302 S.C. 201 394 S.E.2d 722

1521

E. Nelson CULLEN, Respondent-Appellant v. Patsy Darlene PRESCOTT, formerly Cullen, Appellant-Respondent.

(394 S.E. (2d) 722)

Court of Appeals

*202Harry C. Wilson, Jr., of Lee, Wilson, Brier & Calloway, Sumter, for appellant-respondent.

Thomas M. Bultman, of Bryan, Bahnmuller, King, Goldman & McElveen, Sumter,for respondent-appellant.

*203Heard May 16, 1990.

Decided July 2, 1990.

Cureton, Judge:

In this child custody suit the mother refused to return the child to the father after visitation. The father petitioned to compel immediate return of the child. The mother then petitioned for primary custody of the child. After making certain jurisdictional determinations, the trial court ordered the mother to return the child. Both parties appeal. We affirm in part, and reverse and remand in part.

The parties obtained a Georgia divorce in 1985. The decree gave them joint custody of their daughter, Tonya, who was eight years old at the time of the hearing in this case.

The father now lives in Greensboro, North Carolina, and Tonya lives with him during the school year. The mother lives in Sumter, South Carolina. The divorce decree grants the mother custody during the summer vacation, on certain holidays, and on alternate weekends.

While the mother had Tonya for spring break in 1989 she observed some bruises or welts across her legs.

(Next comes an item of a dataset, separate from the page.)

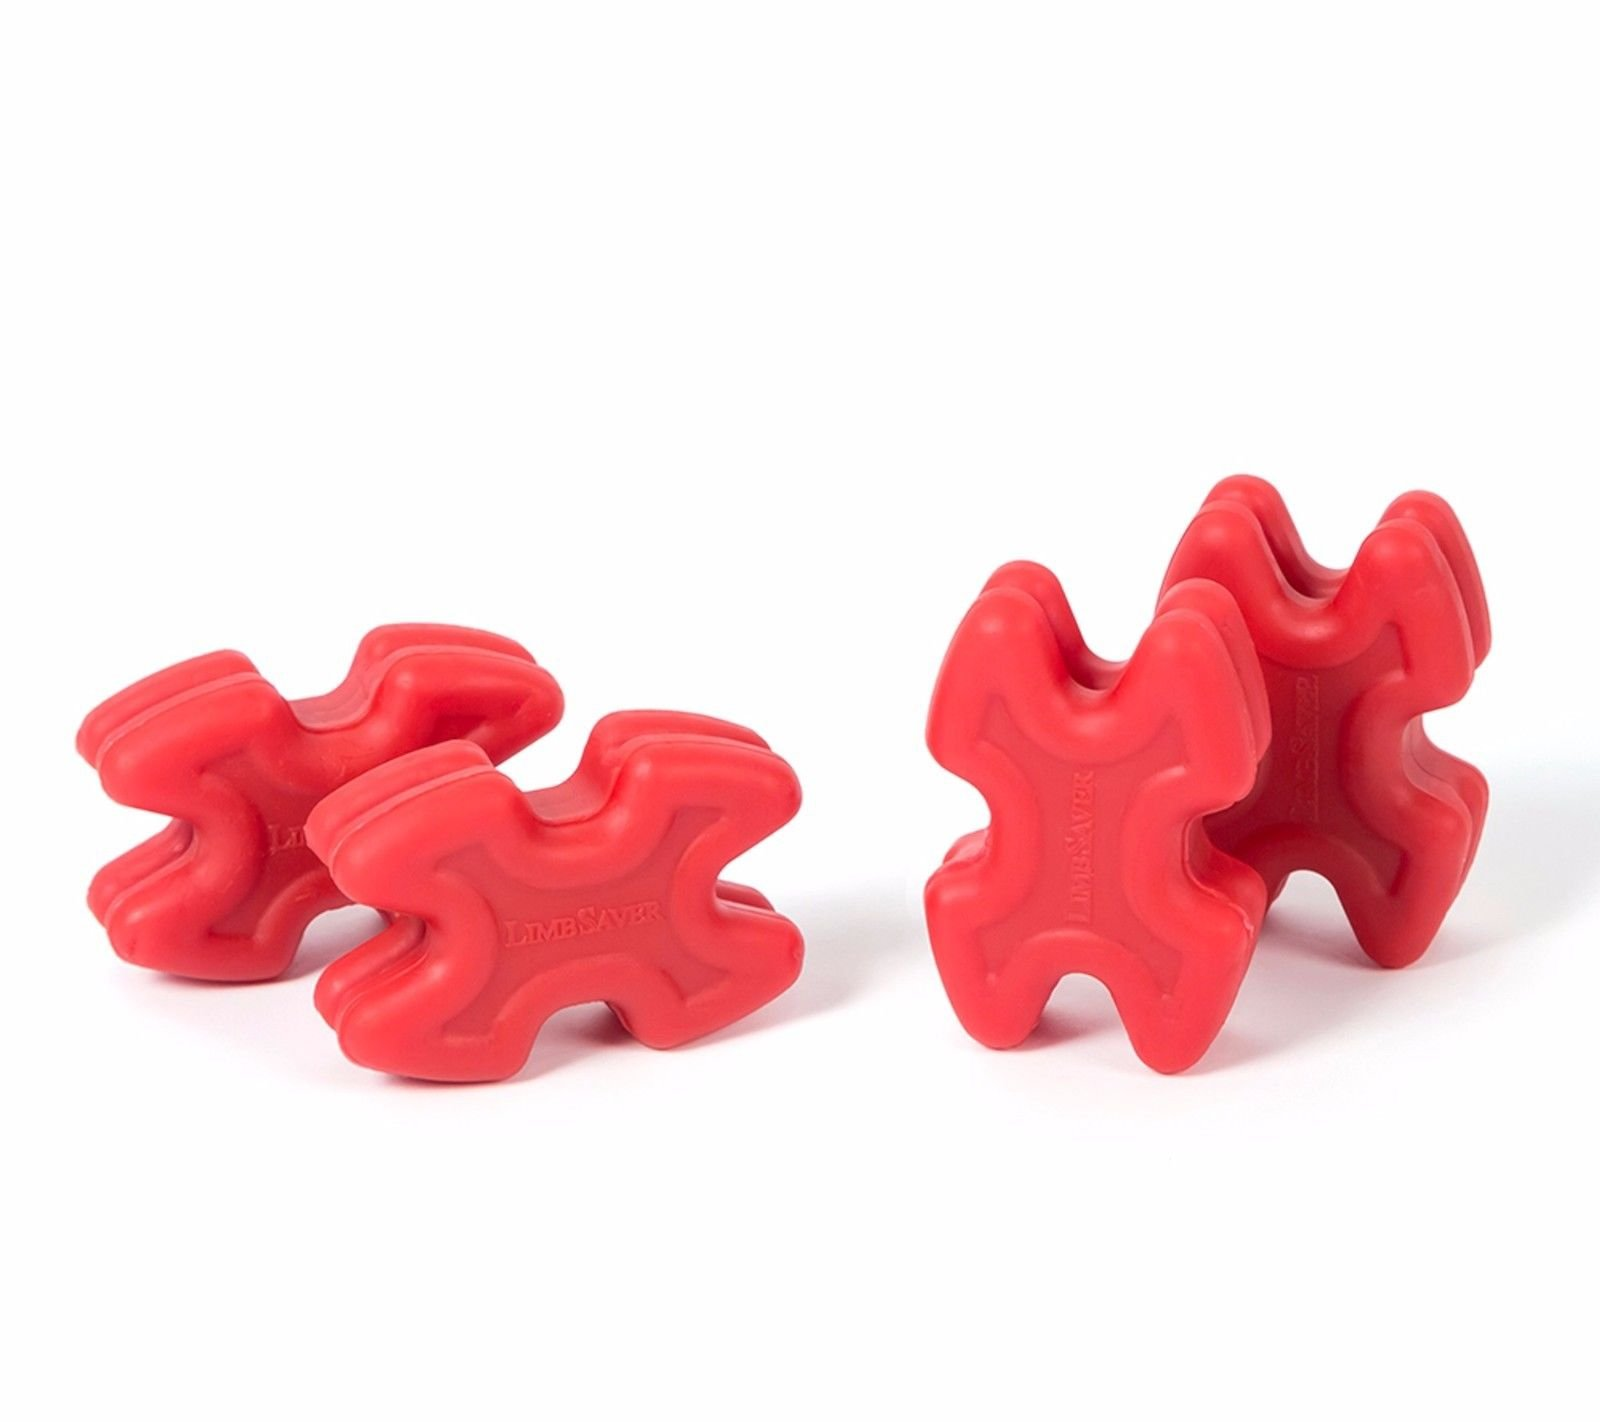 LimbSaver 4726 TwistLox Dampener for Split Limb Bows, Red

She notified the Department of Social Services (D.S.S.) and it investigated. At the end of the vacation period, the mother refused to return Tonya to the father. As a consequence, the father brought an action in South Carolina to enforce the custody provisions of the Georgia decree. The mother then petitioned the family court for a change of custody alleging both physical and sexual abuse by the father. The family court consolidated the petitions and heard them on an emergency basis.

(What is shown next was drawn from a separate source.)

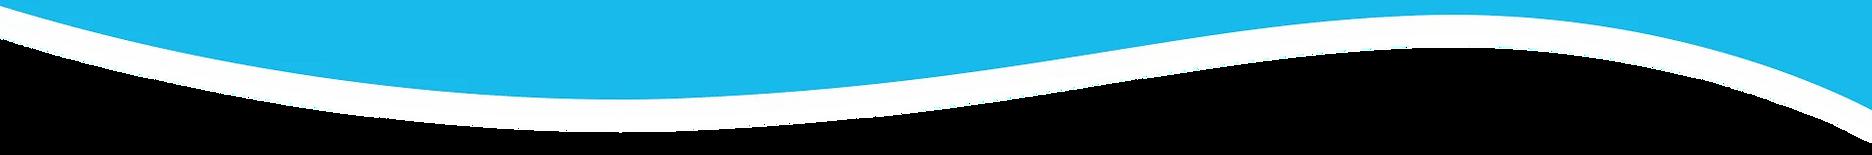 top-transition-blue2.webp

At the hearing, the mother and a D.S.S. social worker testified the daughter told them the father spanked and/or beat her for losing a pair of earrings. They also stated the daughter spoke of other beatings. The social worker recommended that Tonya not be returned to her father.

Karen McLeod, a psychotherapist, talked to Tonya briefly on the day of the hearing.1 The daughter told McLeod of the *204beatings and- indicated she was afraid of her father. McLeod opined it would be in the best interest of Tonya not to be returned to the father’s custody. She also found credible the child’s allegations of fear and explosiveness.

After McLeod gave her opinion, the court questioned her about Tonya’s fear of her father and Tonya’s other feelings for her father. Following this exchange, the trial court announced it would interview Tonya in the presence of McLeod. After the interview, the court stated that McLeod was “under the impression that there is no threat of danger or harm.” In disposing of the parties’ motions for reconsideration, the court qualified this statement by concluding that while McLeod had not changed her position that the best interests of the child would be served by the child remaining with the mother, she did indicate after the in camera conference “much less concern about the safety of the minor child....”

The mother complains the questioning of McLeod by the judge shows a lack of neutrality on his part. She claims the judge’s questions were designed to influence McLeod to change her recommendation. She also objects to the court’s in camera examination as inappropriate.

The family court enforced the custody provisions of the Georgia decree by ordering the mother to return the daughter to the father. The court strictly enjoined the father from using corporal punishment for discipline. The court also ordered a home study of both homes and directed the parties to comply with the joint custody provisions of the Georgia decree.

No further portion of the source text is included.